Comparison with earlier data found “a profound shift in the diet of pike in Irish lakes”, with roach the single most important prey.

The research developed statistical models “to predict the probability of co-existence between pike and trout” in a variety of lakes and conditions. These suggest that this can happen in relatively big lakes with many strong streams and plenty of alternative prey, but not in less complex waterways.

Separate research on Connemara’s Owenriff system, for example, where pike were introduced by anglers above a natural waterfall barrier, brought disastrous decline in both trout and salmon.

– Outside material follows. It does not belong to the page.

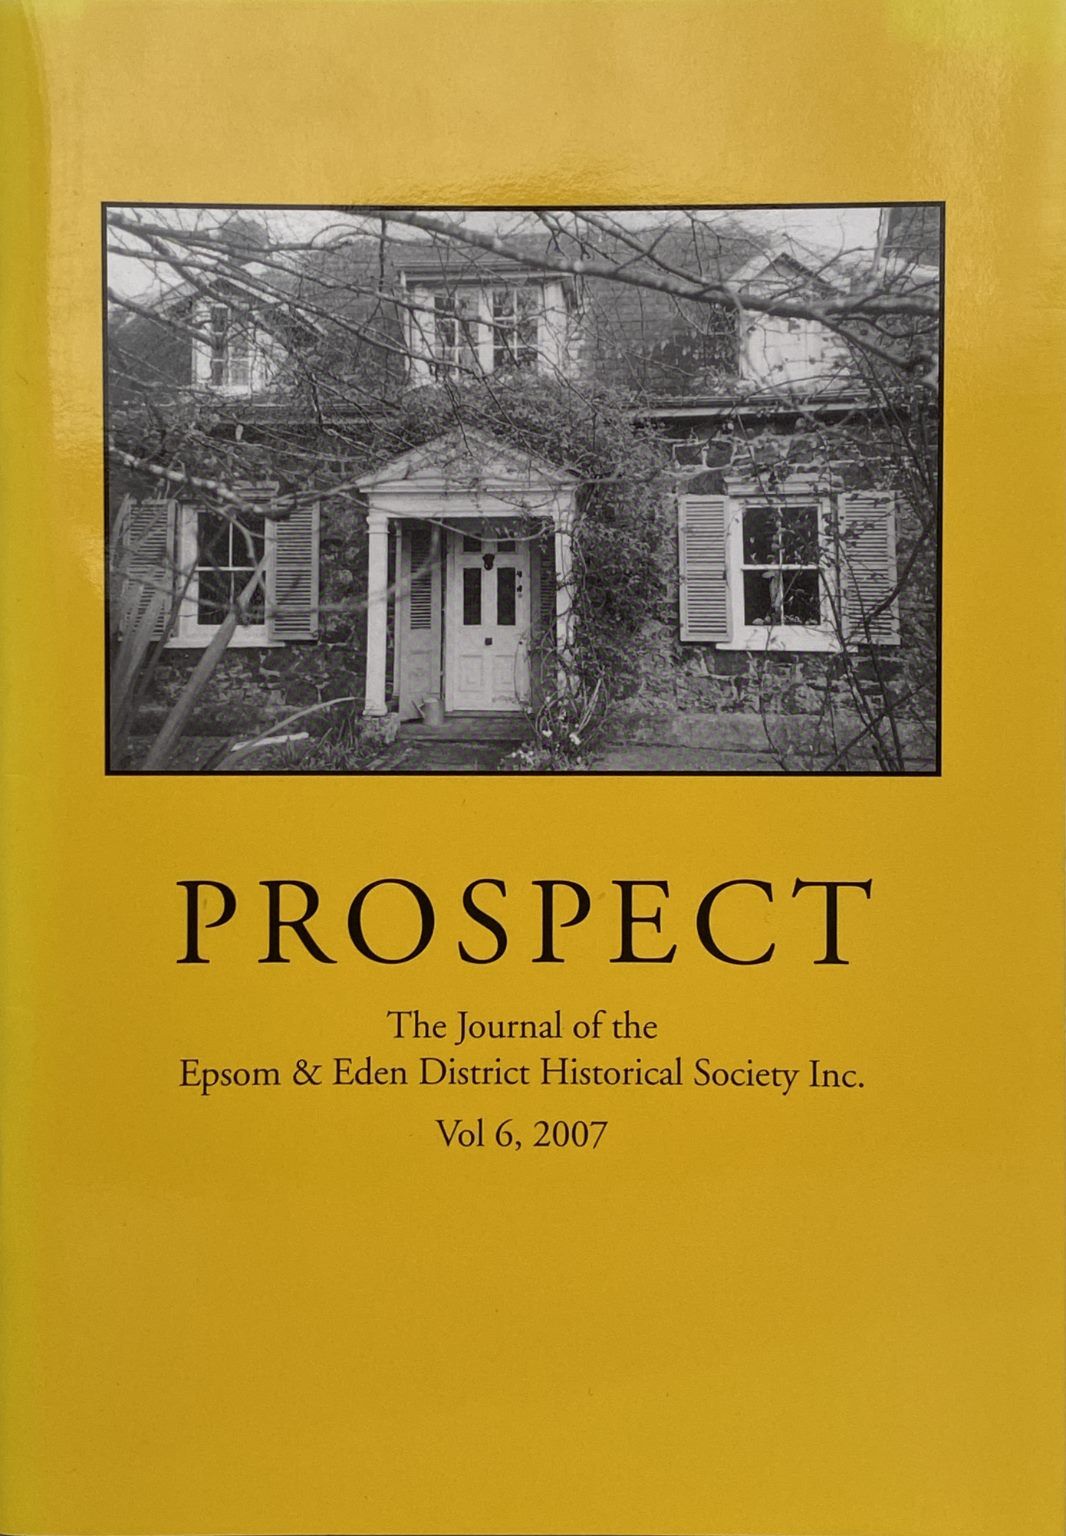 PROSPECT: Journal of the Epsom & Eden District Historical Society - Vol 6, 2007

New fishery management by the IFI will, it seems, be more finely tailored to individual species and ecosystems. Pike are no longer the unacceptable foe, even if it took an invasive alien species to let them off the hook (so to speak).

This will delight pike anglers, only one per cent of whom actually keep their catch to eat – the pike’s many Y-shaped bones are fiddly, to say the least. It is less likely to persuade the 39 per cent of trout anglers in the ESRI survey who advocate pike control (of whom one-third were “more extreme in their preferences”).

Of them all, 12 per cent keep their trout to eat. I have found no joy in fishing, in lake or sea, for any other purpose.